In various embodiments, to properly couple the nozzle assembly 21710 to the handle assembly 21700, the handle assembly 21700 may be moved toward the handle assembly 21700 in the mounting direction 21738. As the nozzle assembly 21710 moves in the mounting direction 21738 toward the handle assembly 21700, the fingers 21734 may engage the ramp portions 21710 and the fingers 21736 may engage the ramp portions 21218 of the nozzle latches 21716. The fingers 21734, 21736 can slide along the ramp portions 21710, 21218 and cam these ramp portions downward away from the base portion 21132 of the handle latch 21730. When the fingers 21734, 21736 reach the apex of the ramp portions 21710, 21218, the fingers 21722, 21736 can move distally and seat on the seat portions 21718, 21122 of the nozzle latch 21716, respectively. As an example, when the fingers 21734, 21736 reach the seating portions 21718, 21722 of the nozzle latch 21716, the ramp portions 21710, 21218 may be biased such that the ramp portions 21710, 21218 return to their original unbiased positions, as shown in fig. 33. With ramp portions 21710, 21218 in their original unbiased positions and fingers 21722, 21736 seated on seating portions 21718, 21722, distal surfaces 21721, 21720 of ramp portions 21710, 21722 may engage proximal surfaces 217435, 21737 of fingers 21734, 21376, respectively, thereby holding nozzle assembly 21710 to handle assembly 21700, thereby properly coupling nozzle assembly 21710 to handle assembly 21700.

When the nozzle assembly 21710 is properly coupled to the handle assembly 21700, the handle assembly 21700 is capable of transmitting actuation motions and electrical signals to an end effector at the distal end of the shaft assembly 2179, such as the aforementioned closing motions or firing motions, as examples, through the nozzle assembly 21710. In the event that the nozzle assembly 21710 is not properly coupled to the handle assembly 217100, the handle assembly 217100 may not properly or safely transmit the actuation motion or electrical signal to the end effector. Additionally, in the event that the nozzle assembly 21700 is not properly coupled to the handle assembly 21700, the nozzle assembly 21700 may disengage from the handle assembly 21700 during a surgical procedure, such as when a user attempts to transmit an actuation motion to the end effector.

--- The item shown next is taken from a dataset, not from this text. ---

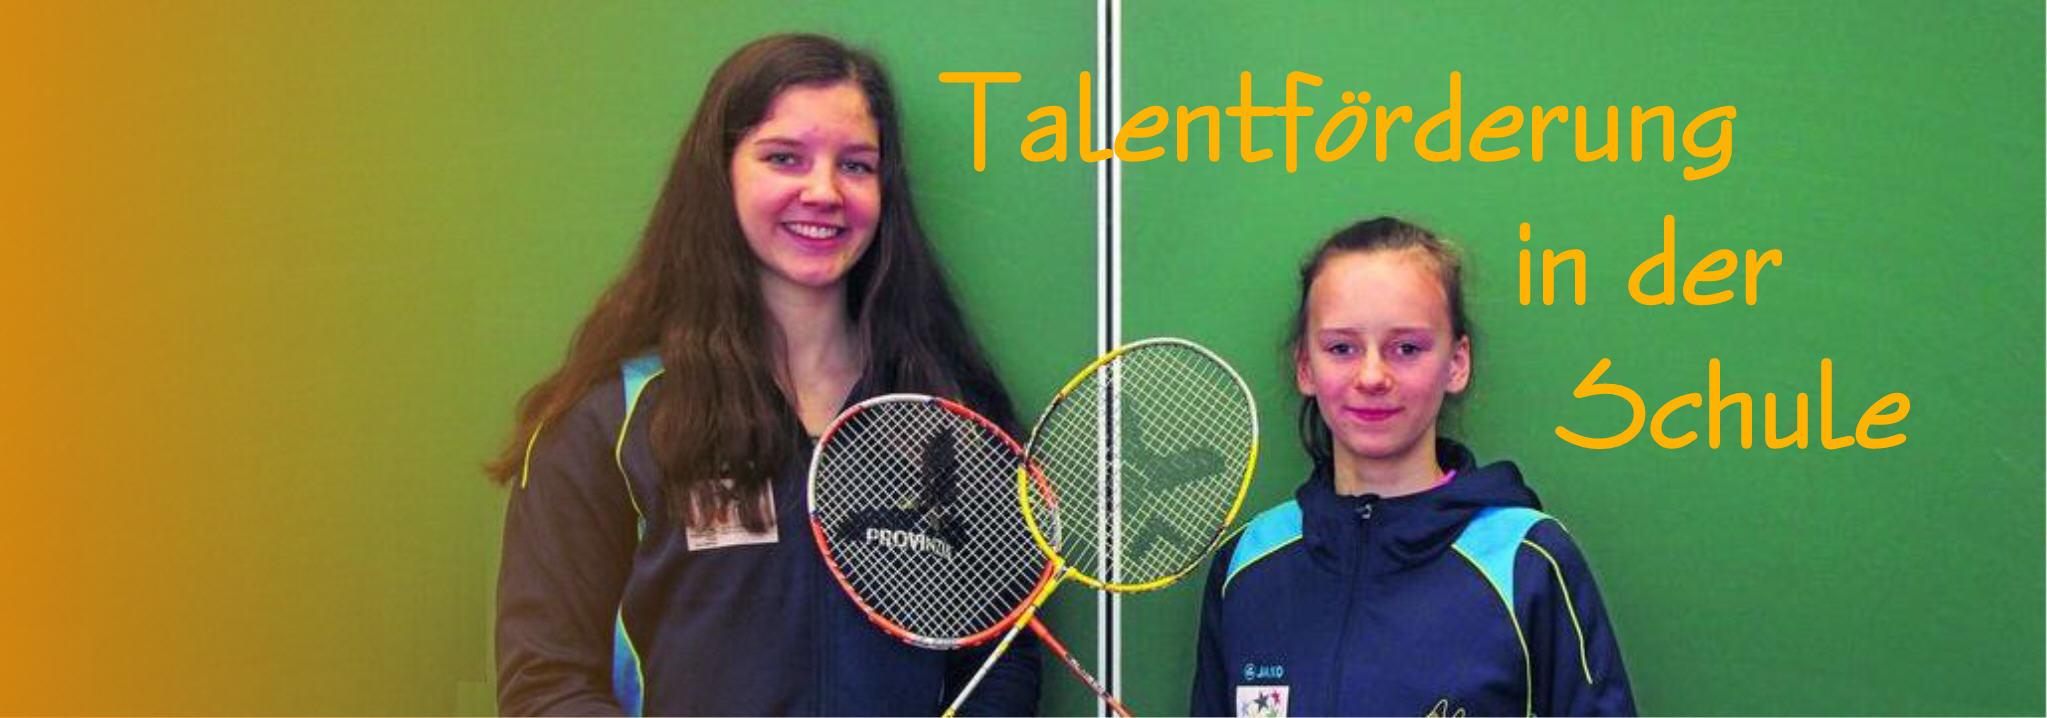 talentförderung_sport

In various embodiments, to ensure proper coupling of the nozzle assembly 21710 to the handle assembly 21700, the nozzle latch 21716 can include a contact arrangement 2179 that includes a first latch contact 21752 positioned on the first seating portion 21718 and a second latch contact 21754 positioned on the second seating portion 21122. The first latch contact 21752 and the second latch contact 21754 can be in electrical communication by a wire 21756 that extends from the first latch contact 21752 along a distal inner wall of the latch assembly 21716 to the second latch contact 21756, as best shown in fig. 33. In addition, the handle latch 21730 can include a contact arrangement 21760 that includes a first finger contact 21762 positioned on a bottom surface of the first finger 21734 and a second finger contact 21764 positioned on a bottom surface of the second finger 21736. The first finger contacts 21762 and the second finger contacts 21764 can be in electrical communication with a control circuit 21766 positioned in the handle assembly 21700.

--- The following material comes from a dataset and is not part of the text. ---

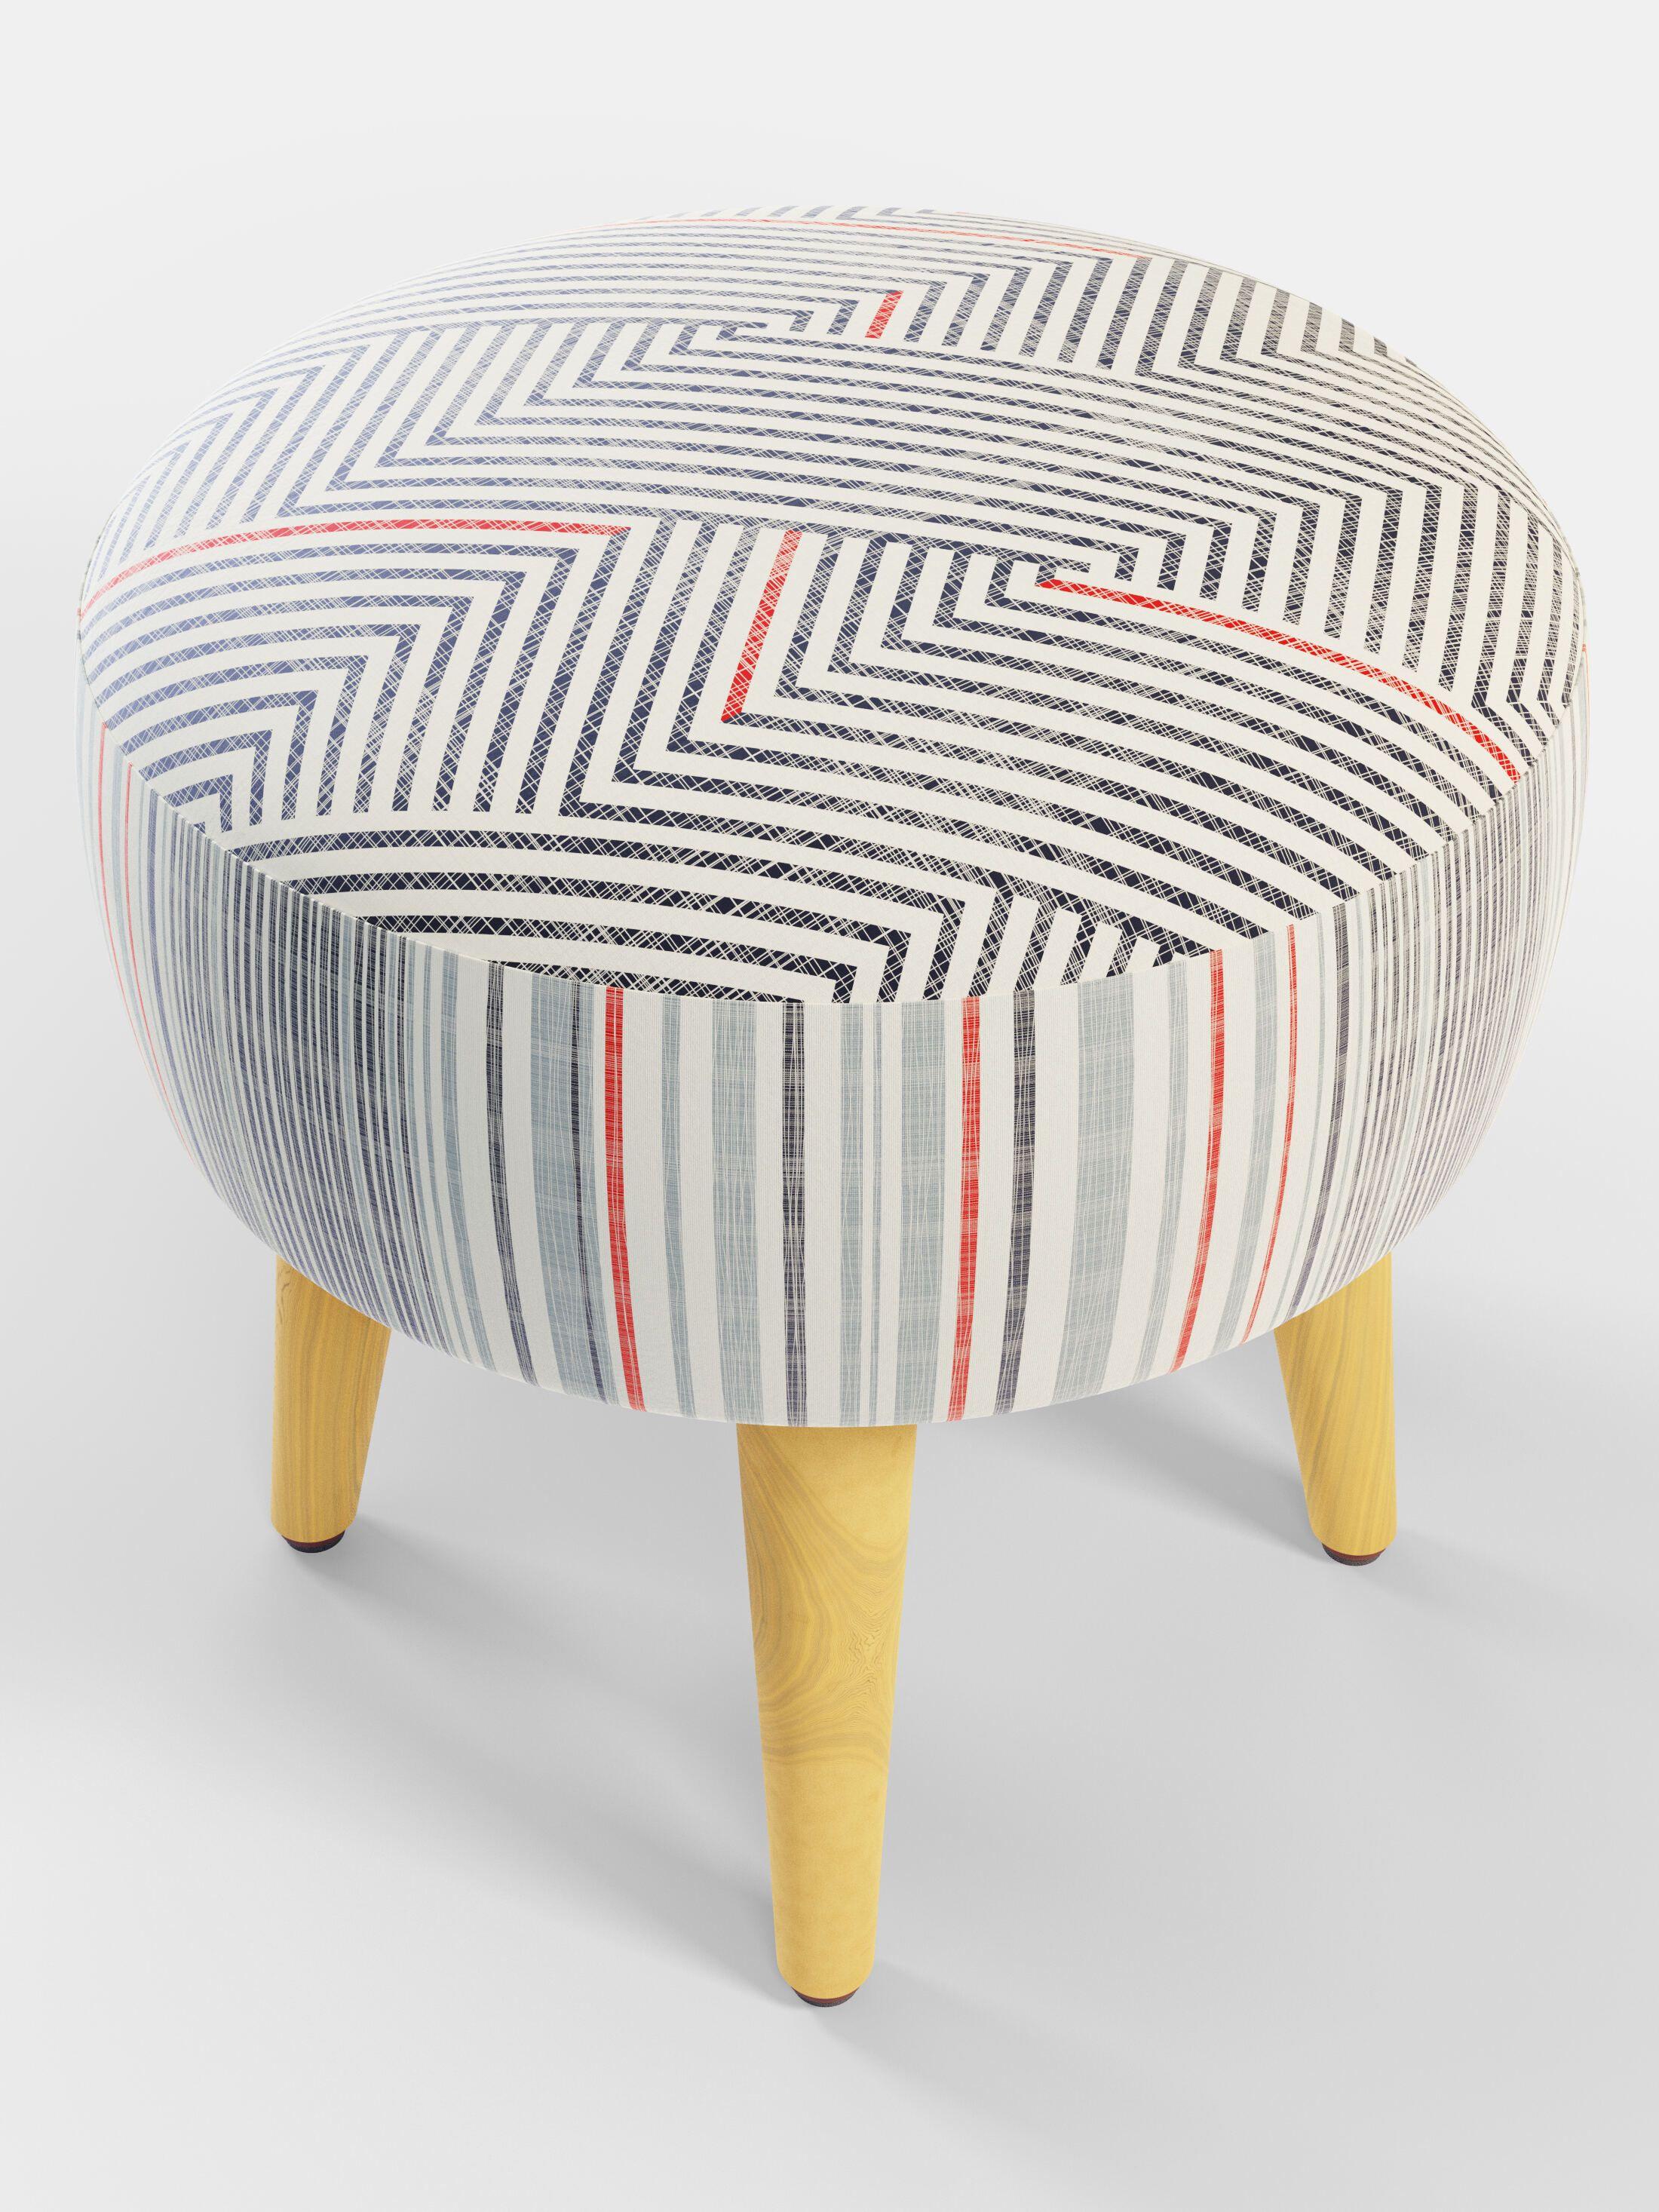 bespoke ottoman footstool

In operation, when the nozzle assembly 21710 is coupled to the handle assembly 21700, as described above, the first finger contacts 21762 can engage the first latch contacts 21752 and the second finger contacts 21764 can engage the second latch contacts 21754. To verify whether the nozzle assembly 21710 is properly coupled to the handle assembly 21700, the control circuit 21766 may attempt to transmit an electrical signal through the contact arrangement 21760. In one aspect, if the control circuit 21766 is able to successfully transmit an electrical signal through the contact arrangement 21760, the control circuit 21766 can determine that the contact arrangement 21766 is in electrical communication with the contact arrangement 2179, thereby indicating that the nozzle assembly 21710 is properly coupled to the handle assembly 21700. If the control circuit 21766 is unable to transmit an electrical signal through the contact arrangement 21760, the control circuit 21766 may determine that the nozzle assembly 21710 is not properly coupled to the handle assembly 21700 and that corrective action is required.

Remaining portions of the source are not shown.